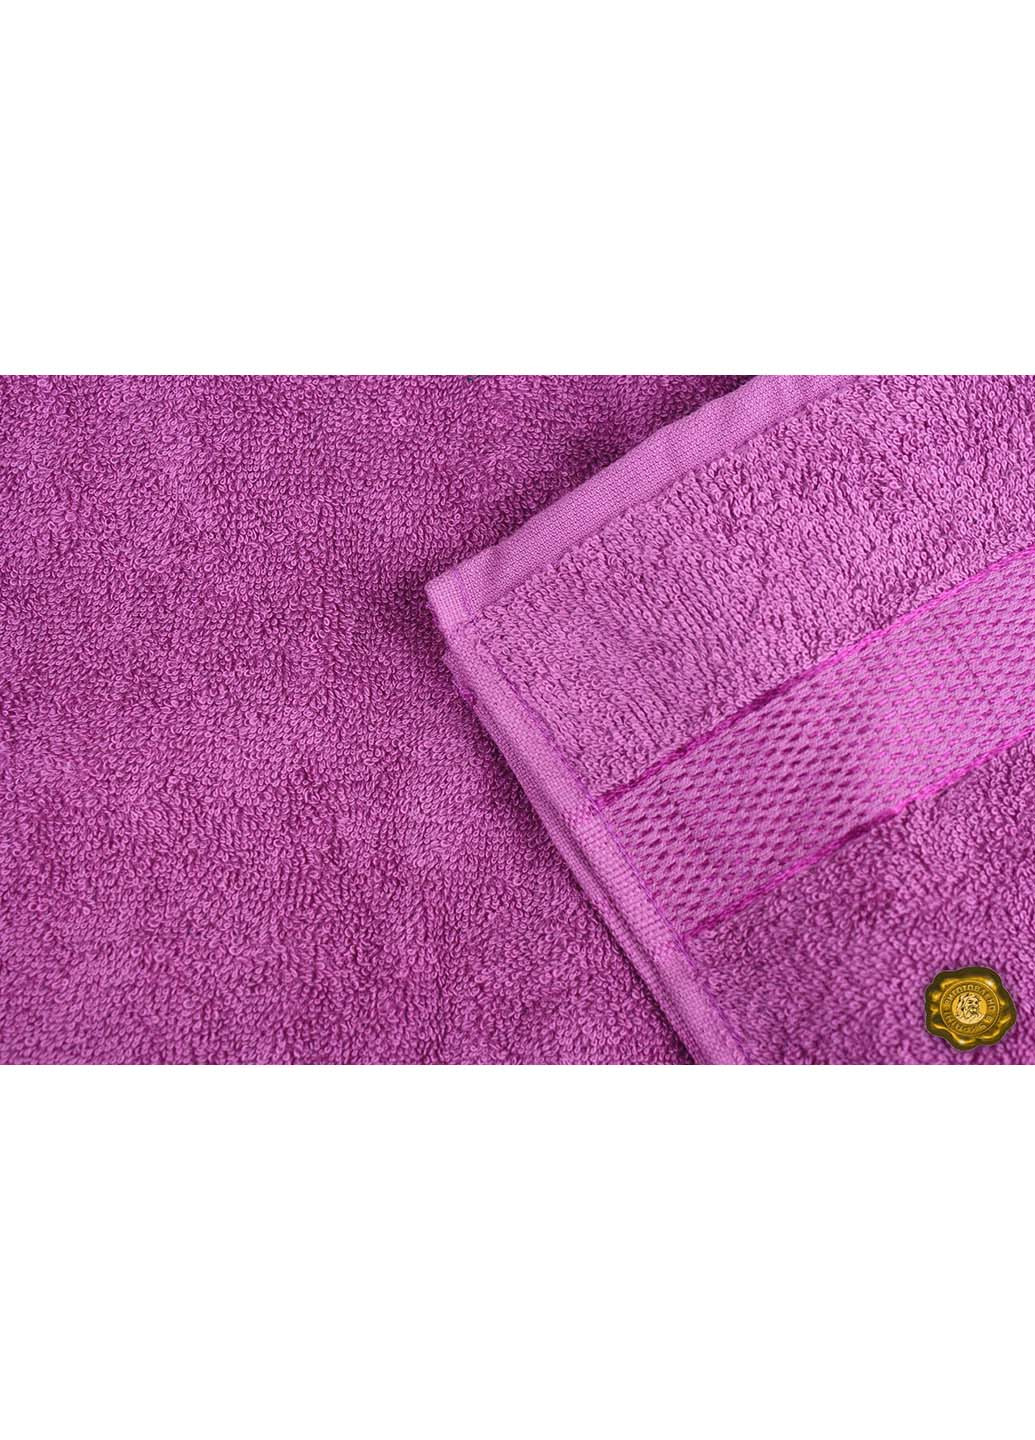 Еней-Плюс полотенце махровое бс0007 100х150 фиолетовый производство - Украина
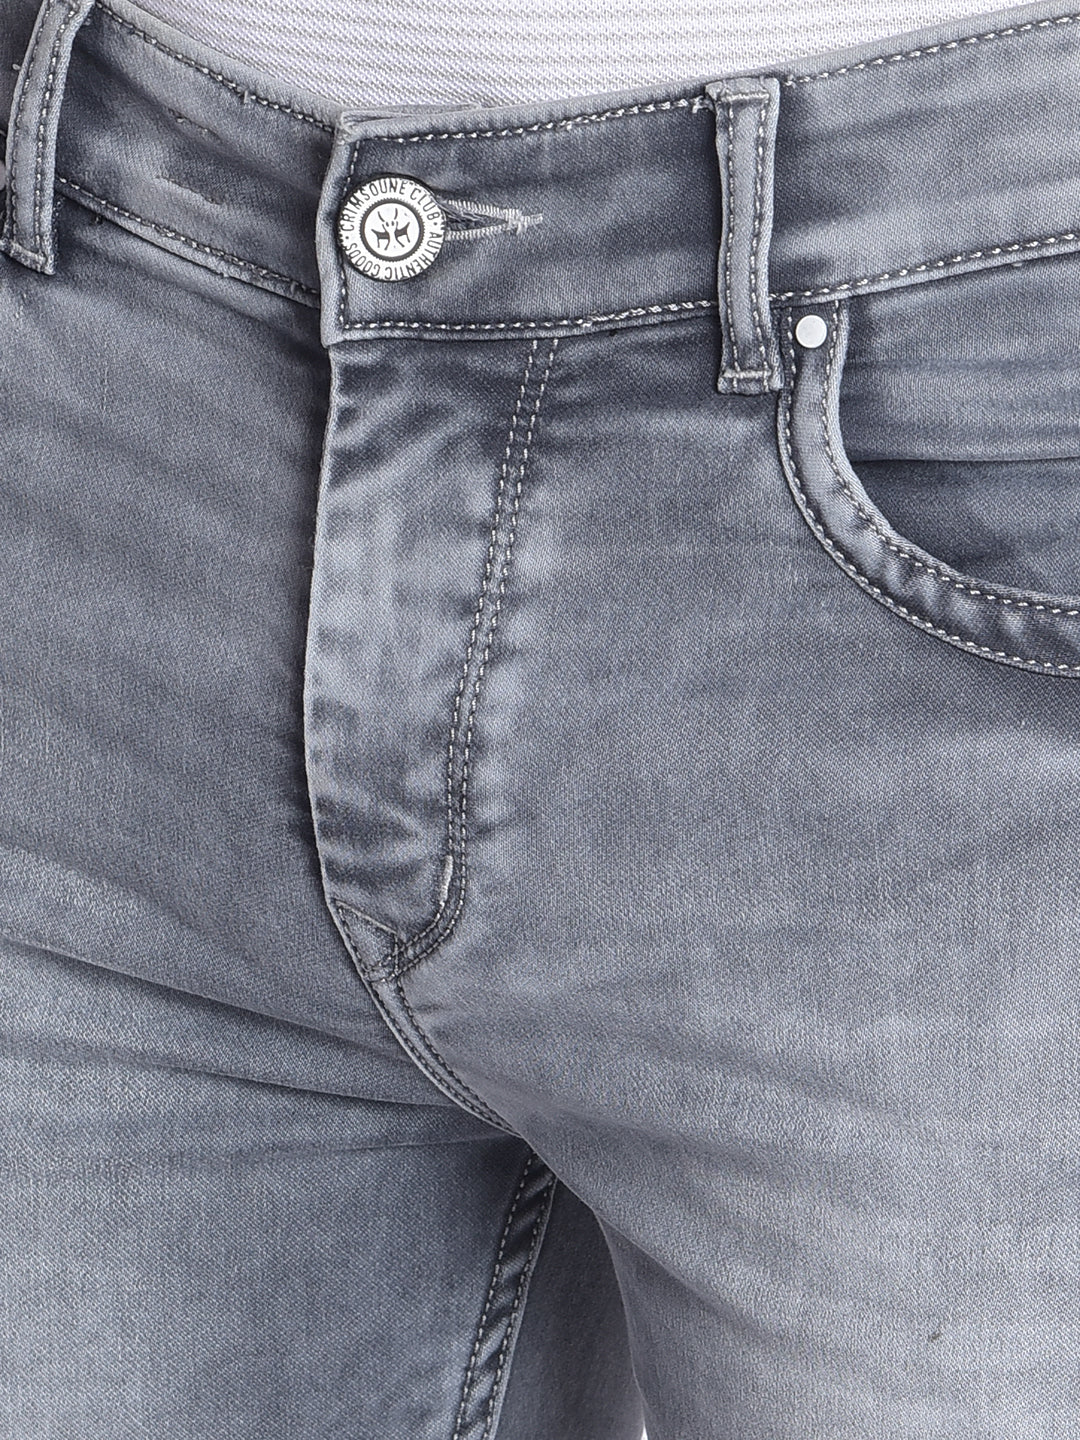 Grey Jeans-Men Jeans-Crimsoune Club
——————————
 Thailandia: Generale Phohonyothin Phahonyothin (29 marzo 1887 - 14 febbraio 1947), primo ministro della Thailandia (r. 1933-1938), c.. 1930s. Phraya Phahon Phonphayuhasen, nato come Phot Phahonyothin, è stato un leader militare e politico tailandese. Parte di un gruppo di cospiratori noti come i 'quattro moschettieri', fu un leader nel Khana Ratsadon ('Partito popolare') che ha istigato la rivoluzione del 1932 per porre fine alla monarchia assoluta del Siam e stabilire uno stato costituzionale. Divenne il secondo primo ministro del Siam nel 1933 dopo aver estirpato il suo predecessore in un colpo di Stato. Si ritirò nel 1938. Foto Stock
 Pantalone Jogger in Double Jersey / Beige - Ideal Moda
——————————
> **Problem statement**
Above are the records. Copy only the lines from the one with "Еней-Плюс полотенце махровое" through the one with "Grey Jeans-Men Jeans-Crimsoune Club", exactly, with no pictures.

> **Response for this exercise**
 Еней-Плюс полотенце махровое бс0007 100х150 фиолетовый производство - Украина
 Grey Jeans-Men Jeans-Crimsoune Club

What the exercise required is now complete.